The A. Gary Anderson Graduate School of Management is a part of the UCR School of Business located at the University of California, Riverside. Current offerings include MBA, Ph.D., Master of Finance and Master of Professional Accountancy (MPAc) programs.

==History==
UCR first established the Graduation School of Administration in 1970. The
school was subsequently renamed the Graduate School of Management in 1982.
In 1994, the A. Gary Anderson Family Foundation donated $5 million to the
school, which was renamed the A. Gary Anderson Graduate School of
Management. In 2008, the school was renamed the School of Business, housing both the undergraduate business program and the A.
Gary Anderson Graduate School of
Management.

==Programs==
===MBA Program===
The MBA program launched in 1983.
Offered in the A. Gary Anderson Graduate School of Management, the MBA program enrolls about 80 students per year as of 2011.

In 2010, MBA student interns participated in the first ever study of foreign direct investment in Riverside County.

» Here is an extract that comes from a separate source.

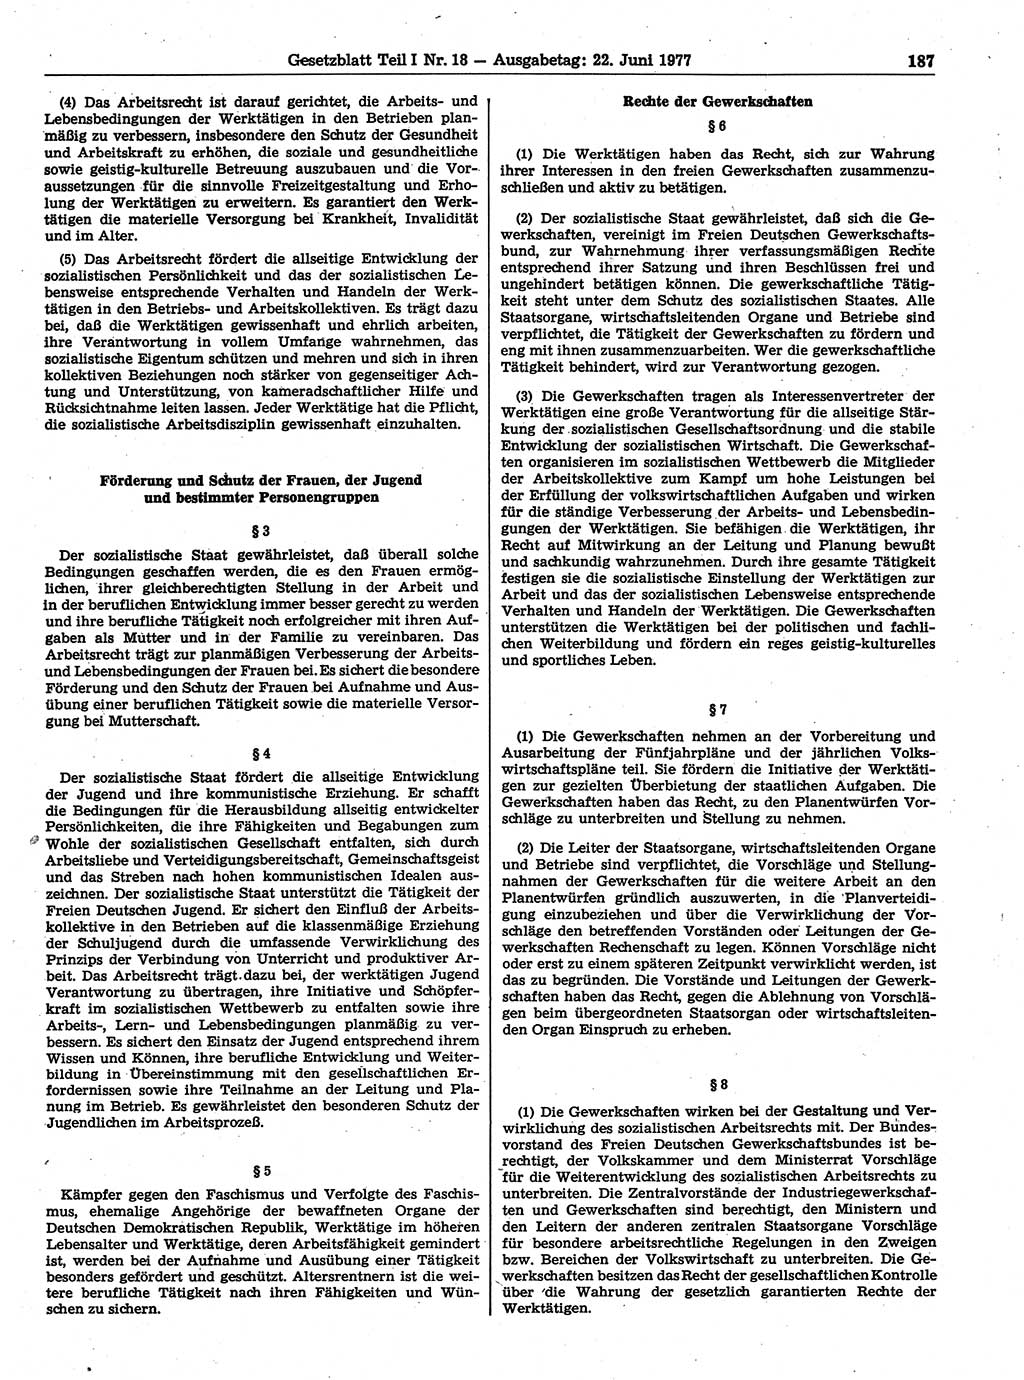 Gesetzblatt (GBl.) der Deutschen Demokratischen Republik (DDR) Teil Ⅰ 1977, Seite 187 (GBl. DDR Ⅰ 1977, S. 187)
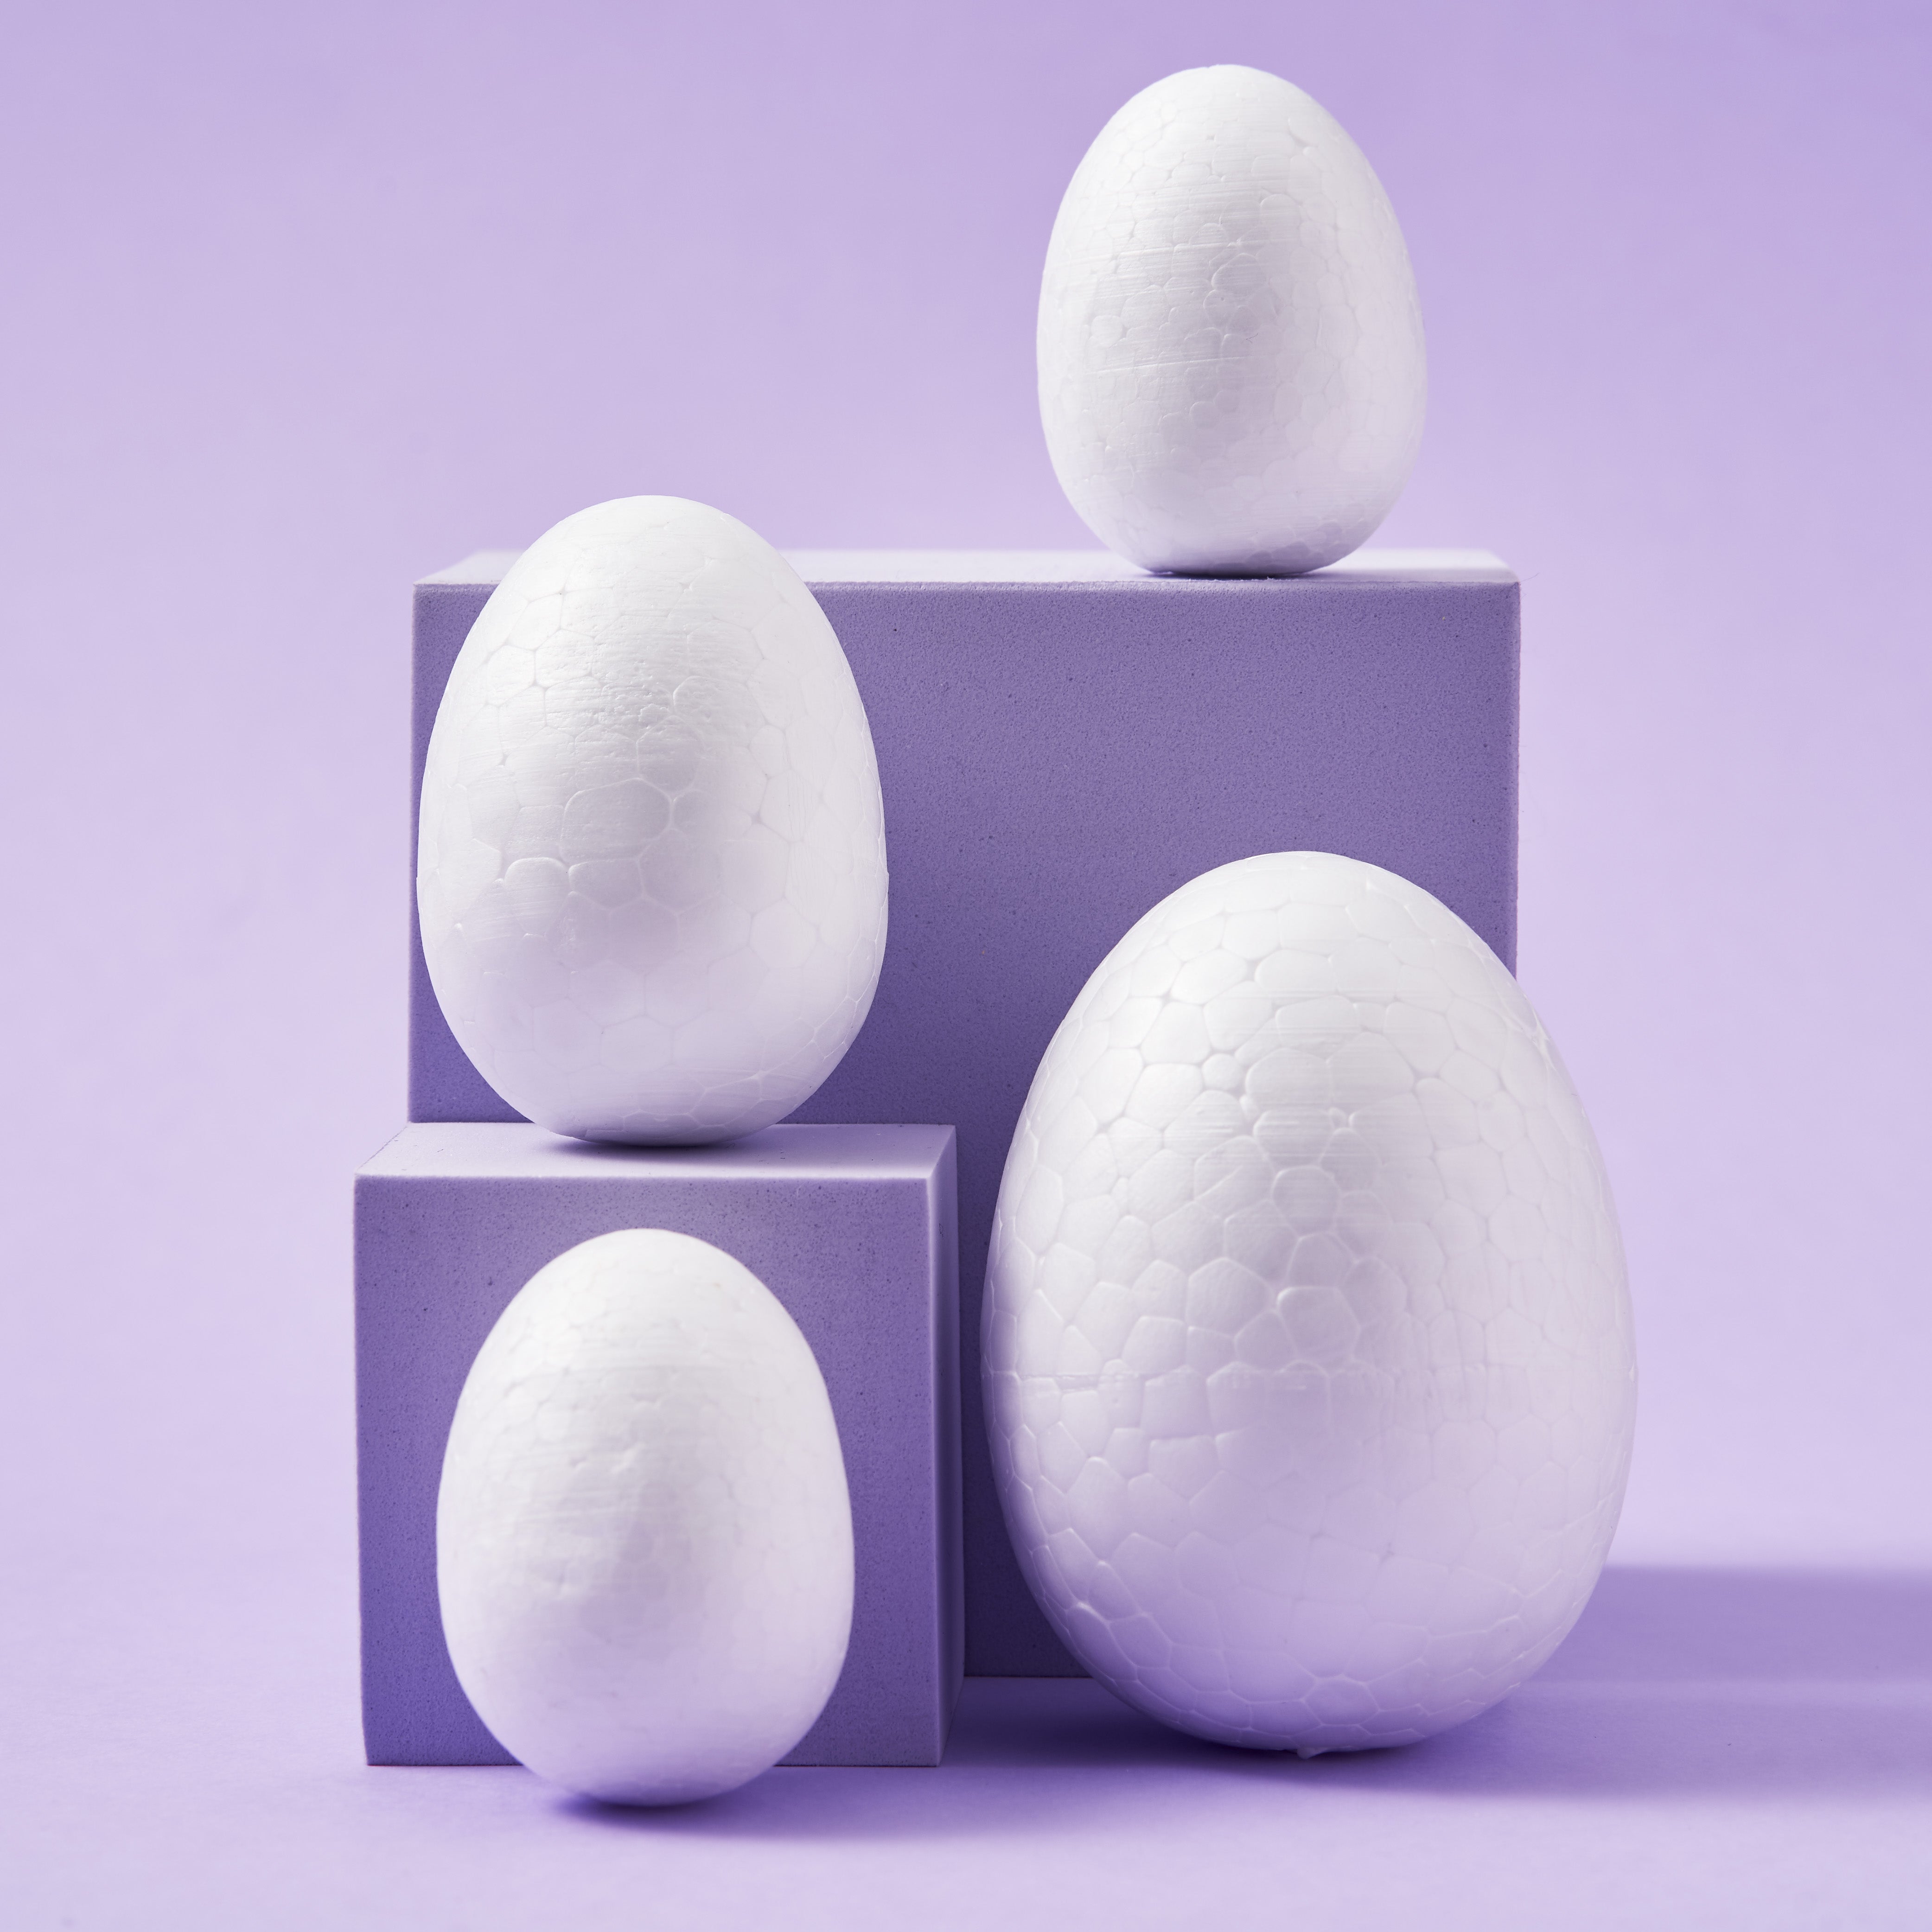 50 Polystyrene Easter Eggs

They worked with the Office of Foreign Trade at the Riverside County Economic Development Agency.

===Ph.D. Program===
The Ph.D. Program launched in Fall 2011. The program is interdisciplinary, focusing on management and marketing. The first cohort is composed of six students.

===Master of Professional Accountancy (MPAc) Program===
A Master of Professional Accountancy (MPAc) program was approved for launch in Fall 2012.

===Executive MBA Program===
In 2009, SoBA launched an Executive MBA program. Typical applicants to the 21-month program have seven to 10 years of career experience minimum. The first cohort was composed of managers in finance, distribution, a CPA, and physicians. The program enrolls about 20-25 students per year.

Students meet on alternating weekends at the UCR Palm Desert Graduate Center, and are required to attend a week-long residency and an
international study trip.

==Rankings==
The Anderson School was ranked 90th in Best Business School, and the part-time MBA program was ranked 73th by U.S. News & World Report. It was listed in the Princeton Reviews's Best Business Schools (West) in 2023.